New Arena, New Name, New Logo
Bullets and Capitals owner Abe Pollin broke ground with D.C. Mayor Marion Barry, right, for the $175 million MCI Arena on Oct. 18. Pollin's teams plan to leave USAir Arena for the Chinatown venue in time for the 1997-98 seasons. Also, the Capitals changed logos and uniforms and Pollin, moved by the Nov. 4 handgun assassination of his friend, Israeli Premier Yitzhak Rabin, vowed to change the Bullets' name when the team moves.
More than just winning a Super Bowl or a World Series, these achievements carried special significance:
The Best Ever?
Atlanta Braves pitcher Greg Maddux made history by winning his fourth consecutive Cy Young Award, establishing him as the most dominating pitcher of this or perhaps any era.
Young Exorcises Ghost of Quarterback Past
San Francisco quarterback Steve Young finally, forcefully stepped from the long shadow of 49ers legend Joe Montana while leading a 49-26 Super Bowl rout of San Diego. Young threw six touchdown passes, eclipsing Montana's Super Bowl record of five.
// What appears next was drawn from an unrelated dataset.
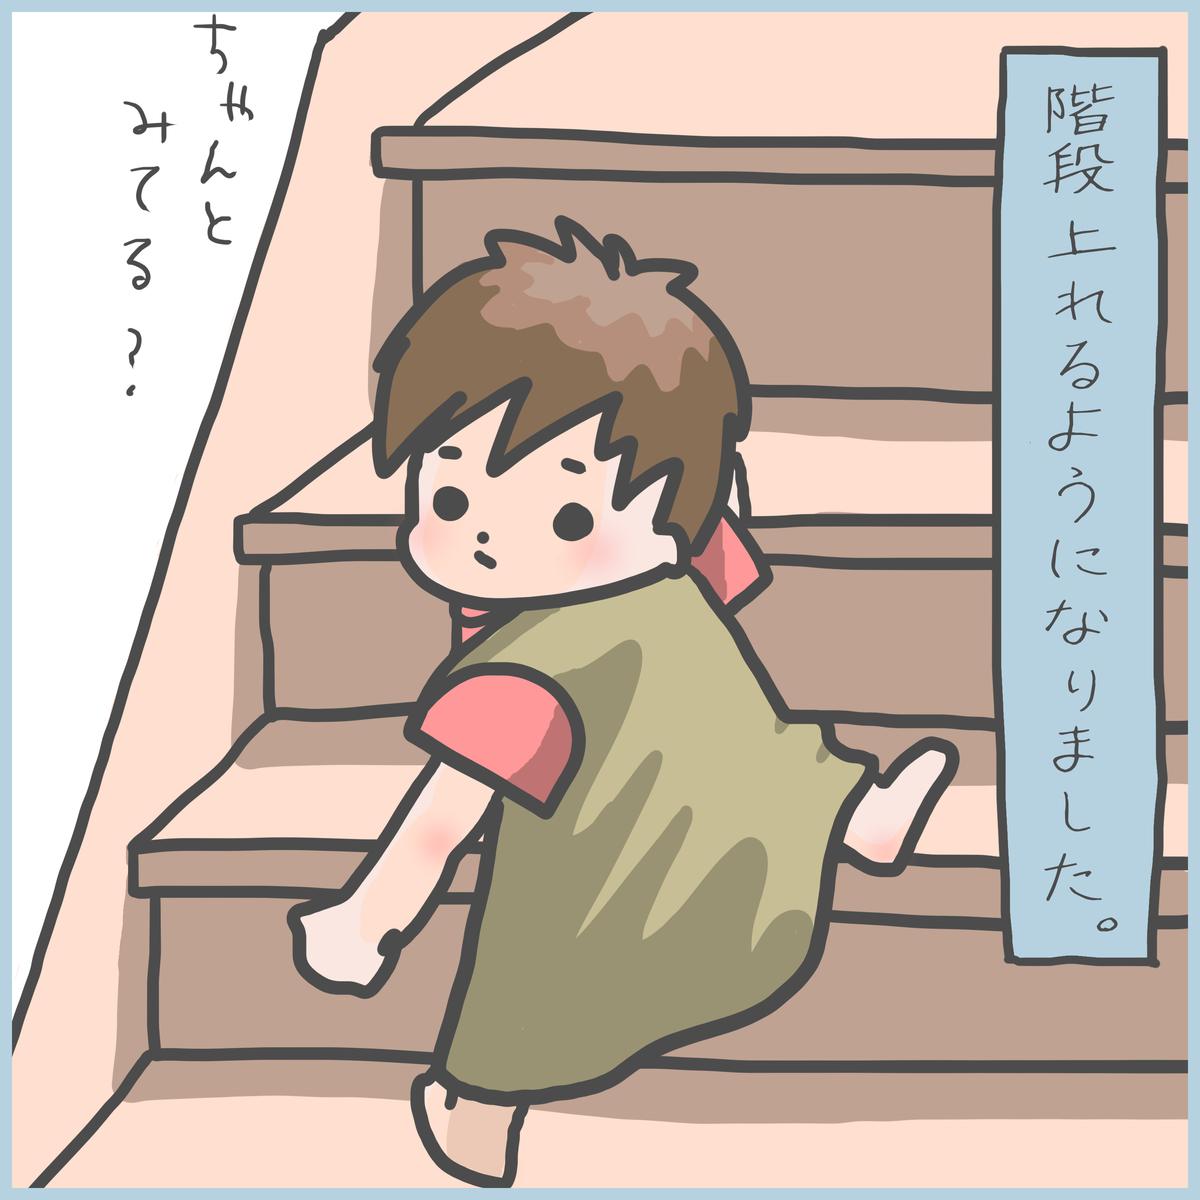 f:id:ika_yoshi:20201206005129j:plain

Three months later, Montana removed himself from the picture, retiring after a 16-year career.
Here are some of the year's best examples of bad behavior:
ALBERT BELLE: The Cleveland Indians slugger was fined $100 for reckless operation of a motor vehicle after trying to run down teenagers who pelted his house with eggs on Halloween after Belle refused to pass out treats.
BEN WRIGHT: The CBS golf announcer reportedly said in an interview that "lesbians in the sport hurt women's golf." He also said: "Women are handicapped by having boobs. It's not easy for them to keep their left arms straight."
TIE DOMI: The Toronto Maple Leafs hockey player sucker-punched the Rangers' Ulf Samuelsson, causing him to crack the back of his head on the ice, resulting in a concussion and seven stitches.